> AVAILABLE RECORDS
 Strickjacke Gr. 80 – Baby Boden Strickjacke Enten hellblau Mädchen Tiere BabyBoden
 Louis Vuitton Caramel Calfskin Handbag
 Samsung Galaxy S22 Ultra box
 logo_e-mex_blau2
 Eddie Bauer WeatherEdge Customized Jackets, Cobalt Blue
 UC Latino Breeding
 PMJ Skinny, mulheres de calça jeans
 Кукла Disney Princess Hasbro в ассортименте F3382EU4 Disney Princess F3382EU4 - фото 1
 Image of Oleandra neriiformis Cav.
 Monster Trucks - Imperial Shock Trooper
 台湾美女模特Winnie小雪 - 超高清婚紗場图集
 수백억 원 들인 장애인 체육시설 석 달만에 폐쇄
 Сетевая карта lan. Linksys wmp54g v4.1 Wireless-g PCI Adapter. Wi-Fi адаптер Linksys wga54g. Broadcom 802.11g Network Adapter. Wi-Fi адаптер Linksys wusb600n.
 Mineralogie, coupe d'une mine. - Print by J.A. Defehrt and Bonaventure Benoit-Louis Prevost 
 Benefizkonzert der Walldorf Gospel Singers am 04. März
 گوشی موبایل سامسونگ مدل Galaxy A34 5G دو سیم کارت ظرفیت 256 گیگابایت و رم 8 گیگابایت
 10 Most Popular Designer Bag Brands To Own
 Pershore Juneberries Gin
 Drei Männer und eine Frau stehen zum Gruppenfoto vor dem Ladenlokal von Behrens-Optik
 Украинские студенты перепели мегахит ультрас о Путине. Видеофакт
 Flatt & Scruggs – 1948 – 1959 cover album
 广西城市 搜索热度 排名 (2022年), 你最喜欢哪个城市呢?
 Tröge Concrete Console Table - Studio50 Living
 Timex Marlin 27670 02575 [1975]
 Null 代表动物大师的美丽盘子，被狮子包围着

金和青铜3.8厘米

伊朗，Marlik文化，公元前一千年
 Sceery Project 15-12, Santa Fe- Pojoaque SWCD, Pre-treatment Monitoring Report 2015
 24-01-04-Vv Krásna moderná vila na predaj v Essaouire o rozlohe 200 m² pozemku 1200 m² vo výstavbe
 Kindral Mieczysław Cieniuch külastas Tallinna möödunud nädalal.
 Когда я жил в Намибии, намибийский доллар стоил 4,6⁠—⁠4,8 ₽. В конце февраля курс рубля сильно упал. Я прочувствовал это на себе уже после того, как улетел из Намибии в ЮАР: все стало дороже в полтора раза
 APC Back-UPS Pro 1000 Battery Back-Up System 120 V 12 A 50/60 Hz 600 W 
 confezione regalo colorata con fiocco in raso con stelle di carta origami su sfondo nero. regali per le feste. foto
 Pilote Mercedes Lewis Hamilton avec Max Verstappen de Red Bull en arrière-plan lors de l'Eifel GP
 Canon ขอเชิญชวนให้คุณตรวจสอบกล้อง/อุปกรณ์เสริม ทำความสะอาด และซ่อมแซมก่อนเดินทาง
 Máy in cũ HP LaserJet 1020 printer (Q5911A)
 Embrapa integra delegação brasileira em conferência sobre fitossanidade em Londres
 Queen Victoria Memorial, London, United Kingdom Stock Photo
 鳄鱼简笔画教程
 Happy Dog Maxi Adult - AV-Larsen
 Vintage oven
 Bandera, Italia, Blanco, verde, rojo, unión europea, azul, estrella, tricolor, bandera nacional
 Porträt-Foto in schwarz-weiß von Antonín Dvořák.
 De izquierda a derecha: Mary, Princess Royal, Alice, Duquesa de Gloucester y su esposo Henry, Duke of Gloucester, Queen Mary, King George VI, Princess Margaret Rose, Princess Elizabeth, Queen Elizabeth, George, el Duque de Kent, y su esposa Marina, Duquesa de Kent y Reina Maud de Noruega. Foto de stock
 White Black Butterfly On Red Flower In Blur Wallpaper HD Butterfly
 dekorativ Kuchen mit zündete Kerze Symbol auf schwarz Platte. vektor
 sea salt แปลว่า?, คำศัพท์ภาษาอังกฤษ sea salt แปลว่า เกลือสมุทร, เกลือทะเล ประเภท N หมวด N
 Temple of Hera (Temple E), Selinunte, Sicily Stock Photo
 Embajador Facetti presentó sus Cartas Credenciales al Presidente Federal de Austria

> TASK BRIEF
Exactly as shown above, return every record.

> FINISHED TASK
 Strickjacke Gr. 80 – Baby Boden Strickjacke Enten hellblau Mädchen Tiere BabyBoden
 Louis Vuitton Caramel Calfskin Handbag
 Samsung Galaxy S22 Ultra box
 logo_e-mex_blau2
 Eddie Bauer WeatherEdge Customized Jackets, Cobalt Blue
 UC Latino Breeding
 PMJ Skinny, mulheres de calça jeans
 Кукла Disney Princess Hasbro в ассортименте F3382EU4 Disney Princess F3382EU4 - фото 1
 Image of Oleandra neriiformis Cav.
 Monster Trucks - Imperial Shock Trooper
 台湾美女模特Winnie小雪 - 超高清婚紗場图集
 수백억 원 들인 장애인 체육시설 석 달만에 폐쇄
 Сетевая карта lan. Linksys wmp54g v4.1 Wireless-g PCI Adapter. Wi-Fi адаптер Linksys wga54g. Broadcom 802.11g Network Adapter. Wi-Fi адаптер Linksys wusb600n.
 Mineralogie, coupe d'une mine. - Print by J.A. Defehrt and Bonaventure Benoit-Louis Prevost 
 Benefizkonzert der Walldorf Gospel Singers am 04. März
 گوشی موبایل سامسونگ مدل Galaxy A34 5G دو سیم کارت ظرفیت 256 گیگابایت و رم 8 گیگابایت
 10 Most Popular Designer Bag Brands To Own
 Pershore Juneberries Gin
 Drei Männer und eine Frau stehen zum Gruppenfoto vor dem Ladenlokal von Behrens-Optik
 Украинские студенты перепели мегахит ультрас о Путине. Видеофакт
 Flatt & Scruggs – 1948 – 1959 cover album
 广西城市 搜索热度 排名 (2022年), 你最喜欢哪个城市呢?
 Tröge Concrete Console Table - Studio50 Living
 Timex Marlin 27670 02575 [1975]
 Null 代表动物大师的美丽盘子，被狮子包围着

金和青铜3.8厘米

伊朗，Marlik文化，公元前一千年
 Sceery Project 15-12, Santa Fe- Pojoaque SWCD, Pre-treatment Monitoring Report 2015
 24-01-04-Vv Krásna moderná vila na predaj v Essaouire o rozlohe 200 m² pozemku 1200 m² vo výstavbe
 Kindral Mieczysław Cieniuch külastas Tallinna möödunud nädalal.
 Когда я жил в Намибии, намибийский доллар стоил 4,6⁠—⁠4,8 ₽. В конце февраля курс рубля сильно упал. Я прочувствовал это на себе уже после того, как улетел из Намибии в ЮАР: все стало дороже в полтора раза
 APC Back-UPS Pro 1000 Battery Back-Up System 120 V 12 A 50/60 Hz 600 W 
 confezione regalo colorata con fiocco in raso con stelle di carta origami su sfondo nero. regali per le feste. foto
 Pilote Mercedes Lewis Hamilton avec Max Verstappen de Red Bull en arrière-plan lors de l'Eifel GP
 Canon ขอเชิญชวนให้คุณตรวจสอบกล้อง/อุปกรณ์เสริม ทำความสะอาด และซ่อมแซมก่อนเดินทาง
 Máy in cũ HP LaserJet 1020 printer (Q5911A)
 Embrapa integra delegação brasileira em conferência sobre fitossanidade em Londres
 Queen Victoria Memorial, London, United Kingdom Stock Photo
 鳄鱼简笔画教程
 Happy Dog Maxi Adult - AV-Larsen
 Vintage oven
 Bandera, Italia, Blanco, verde, rojo, unión europea, azul, estrella, tricolor, bandera nacional
 Porträt-Foto in schwarz-weiß von Antonín Dvořák.
 De izquierda a derecha: Mary, Princess Royal, Alice, Duquesa de Gloucester y su esposo Henry, Duke of Gloucester, Queen Mary, King George VI, Princess Margaret Rose, Princess Elizabeth, Queen Elizabeth, George, el Duque de Kent, y su esposa Marina, Duquesa de Kent y Reina Maud de Noruega. Foto de stock
 White Black Butterfly On Red Flower In Blur Wallpaper HD Butterfly
 dekorativ Kuchen mit zündete Kerze Symbol auf schwarz Platte. vektor
 sea salt แปลว่า?, คำศัพท์ภาษาอังกฤษ sea salt แปลว่า เกลือสมุทร, เกลือทะเล ประเภท N หมวด N
 Temple of Hera (Temple E), Selinunte, Sicily Stock Photo
 Embajador Facetti presentó sus Cartas Credenciales al Presidente Federal de Austria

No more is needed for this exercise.